EXERCISE DIRECTIONS: Make an exact copy, from the records below, of the lines from the line containing "Sculptural coffee table" to the line containing "The organic forms", both lines included, excluding pictures.
[[ MATERIAL FOR THE TASK open ]]
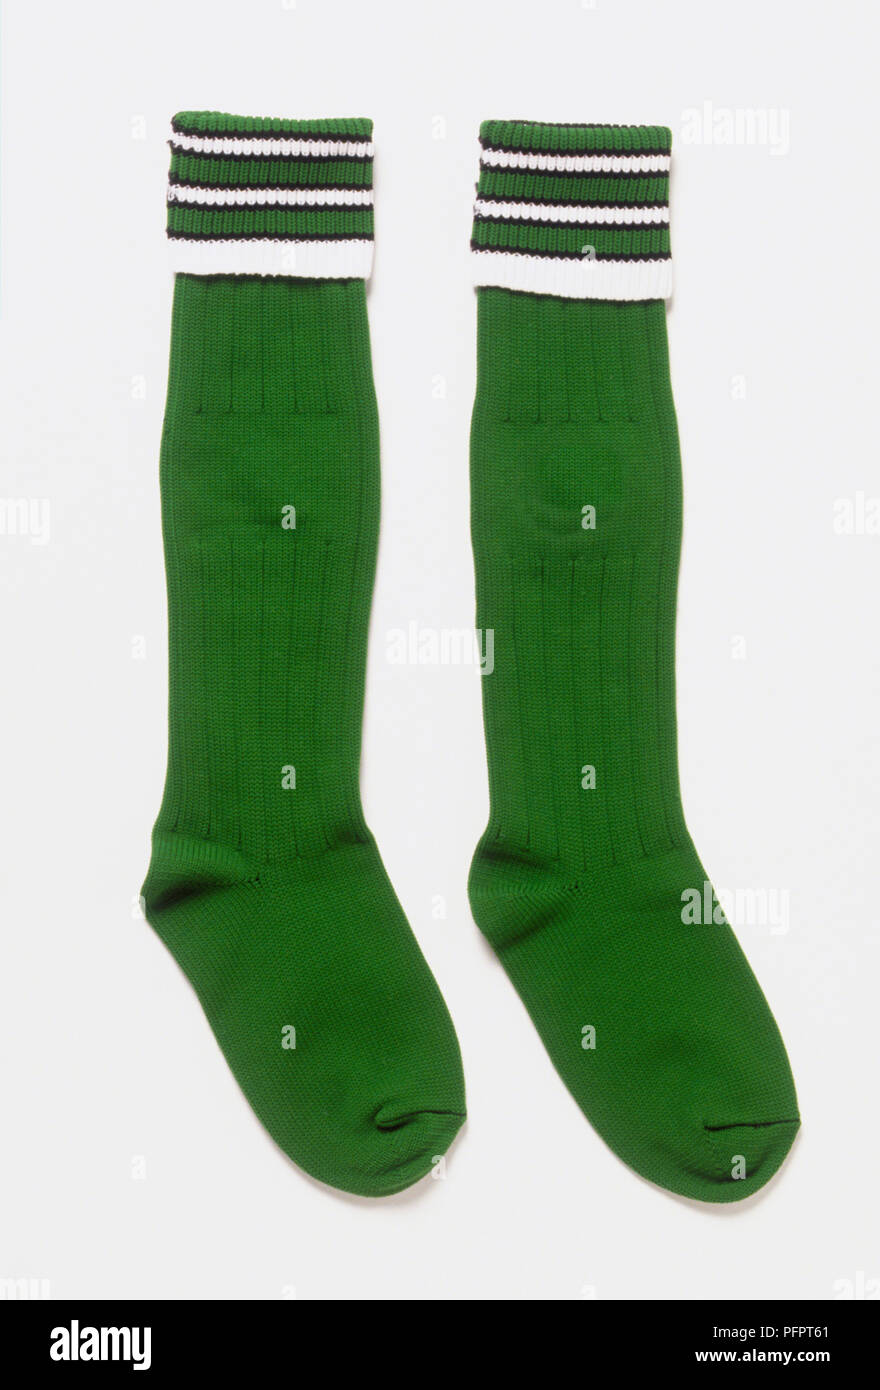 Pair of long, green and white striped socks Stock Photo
[[ MATERIAL FOR THE TASK closed ]]
[[ MATERIAL FOR THE TASK open ]]
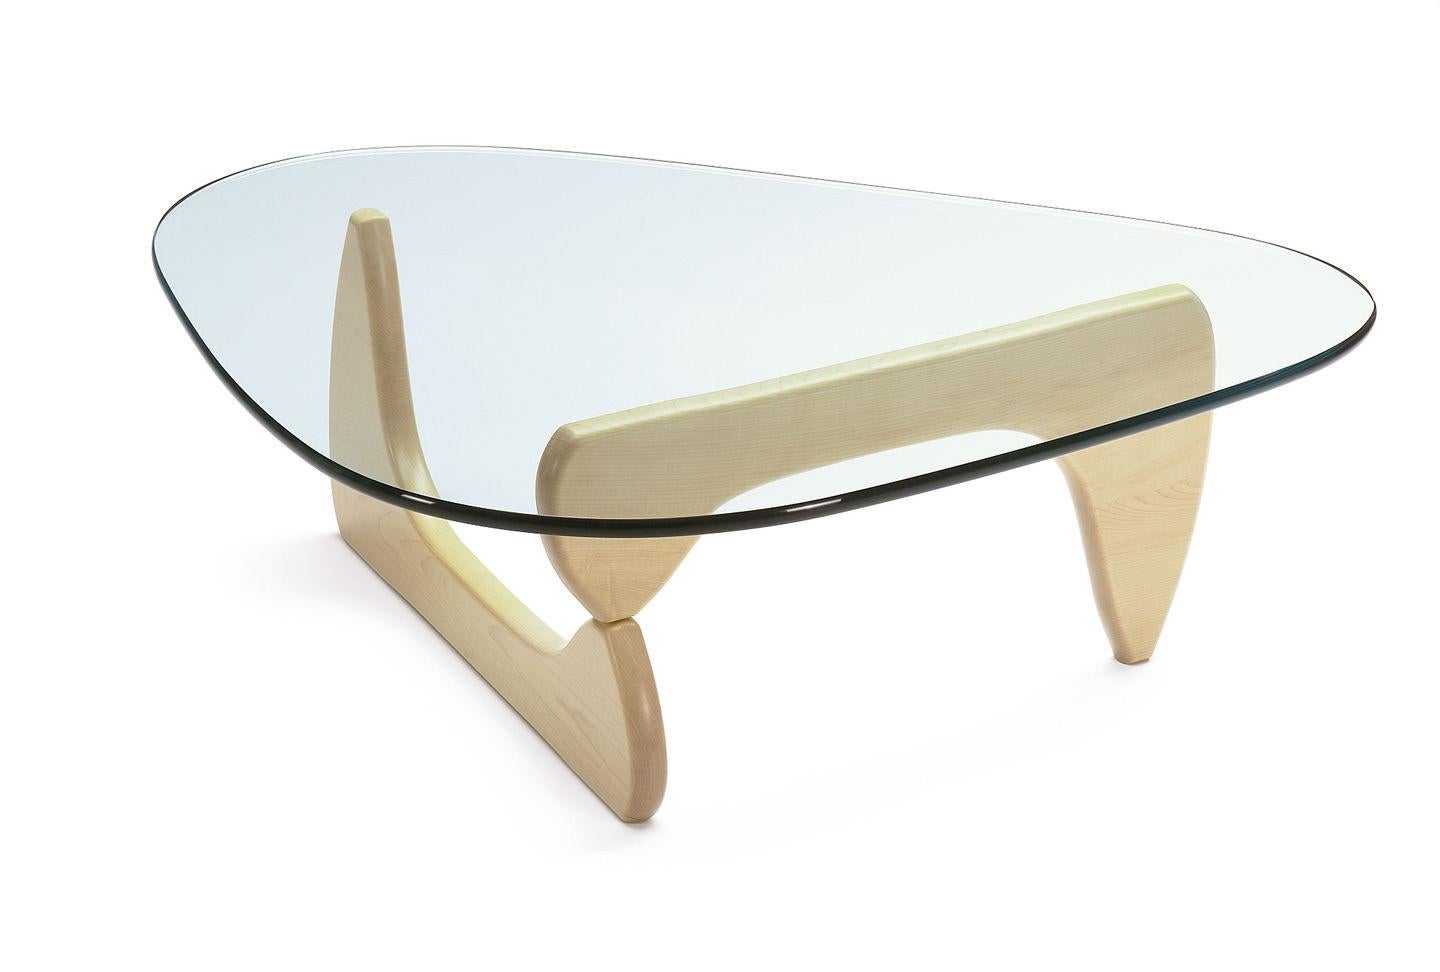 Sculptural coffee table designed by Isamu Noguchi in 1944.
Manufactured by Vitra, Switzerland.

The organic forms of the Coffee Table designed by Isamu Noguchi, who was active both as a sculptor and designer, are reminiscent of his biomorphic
[[ MATERIAL FOR THE TASK closed ]]
SOLUTION FOR THIS TASK:
 Sculptural coffee table designed by Isamu Noguchi in 1944.
Manufactured by Vitra, Switzerland.

The organic forms of the Coffee Table designed by Isamu Noguchi, who was active both as a sculptor and designer, are reminiscent of his biomorphic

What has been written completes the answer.